Whether or not one accepts this line of argument (or others above about “nature”), it seems to me clear that Jesus did not condemn homosexuality. Neither Jesus nor Paul condoned it either—and to accuse me of arguing that either of them did is malicious misreading (or prejudiced nonreading!). My thesis, which I think is very sound, is that judging the sexual conduct and relationships of others is reserved by both Jesus and Paul to God’s judgment. Their followers are repeatedly warned against putting themselves in God’s place judging others (with Paul being particularly vehement at the start of Romans 2; the prototype being Matthew 7:1–5; also see Luke 8:47–50).
References Used
Throughout, I have used the King James Version of Romans. More recent translations do not appreciably unsnarl the syntactic complexity of the Greek text. Plus this is the version that self-styled “literalists” seem to believe is the original
text that Paul (or God) wrote.
(The most extensive discussion of Romans 1:26 is in Brooten, as is an extended consideration of Paul and “natural law”; for making sense of the overall structure of the Epistle to the Romans, I recommend Barth… and on the varieties of
female and male homosexualities I, of course, recommend my own 2000 book, Homosexualities.)
Barth, Karl. A Shorter Commentary on Romans. Richmond, VA: John Knox Press, 1959.
Boswell, John. Christianity, Social Tolerance, and Homosexuality. Chicago: University of Chicago Press, 1980.
Brooten, Bernadette J. 1996. Love between Women. Chicago: University of Chicago Press, 1996.
Cranfield, C. E. B. Romans.
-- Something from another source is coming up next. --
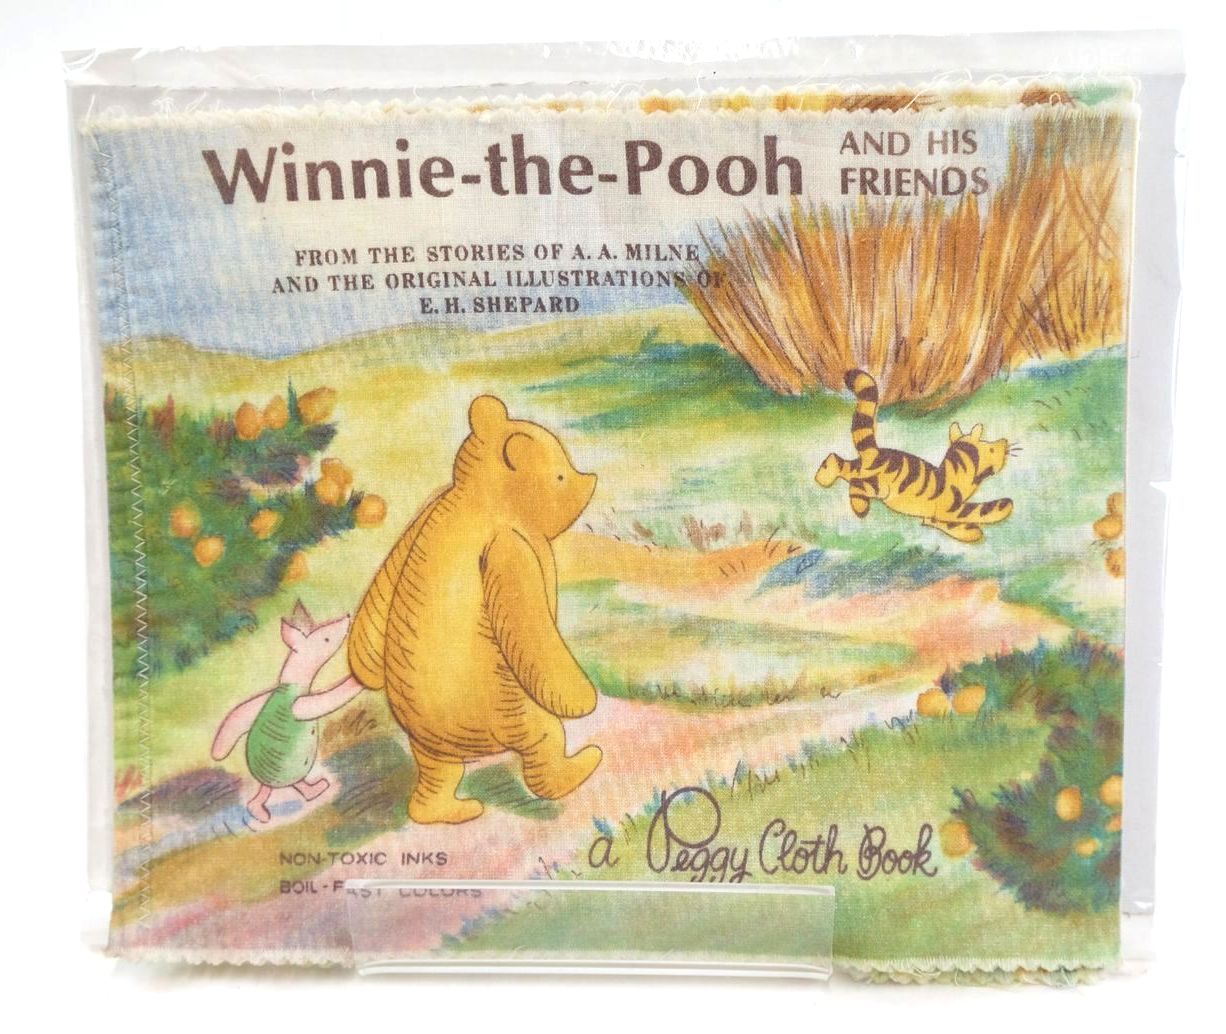 Photo of WINNIE-THE-POOH AND HIS FRIENDS written by Milne, A.A. illustrated by Shepard, E.H. published by Peggy Cloth Books, Inc. (STOCK CODE: 1325180)  for sale by Stella & Rose's Books

Grand Rapids, MI: William B. Eerdmans, 1985.
Dynes, Wayne R. Review of Brooten. Journal of Homosexuality 36,2 (1998):114–20.
Käsemann, Ernst. Commentary on Romans. Grand Rapids, MI: William B. Eerdmans, 1980.
Murray, Stephen O. Homosexualities. Chicago: University of Chicago Press, 2000.
P.S. Arguments from “nature” derive from Greek rather than Hebrew conceptions, and what Paul meant by “nature” is less important than that his employment of the term was in a description of consequences, not in any suggestions for promulgating laws (even laws for a Christian regime).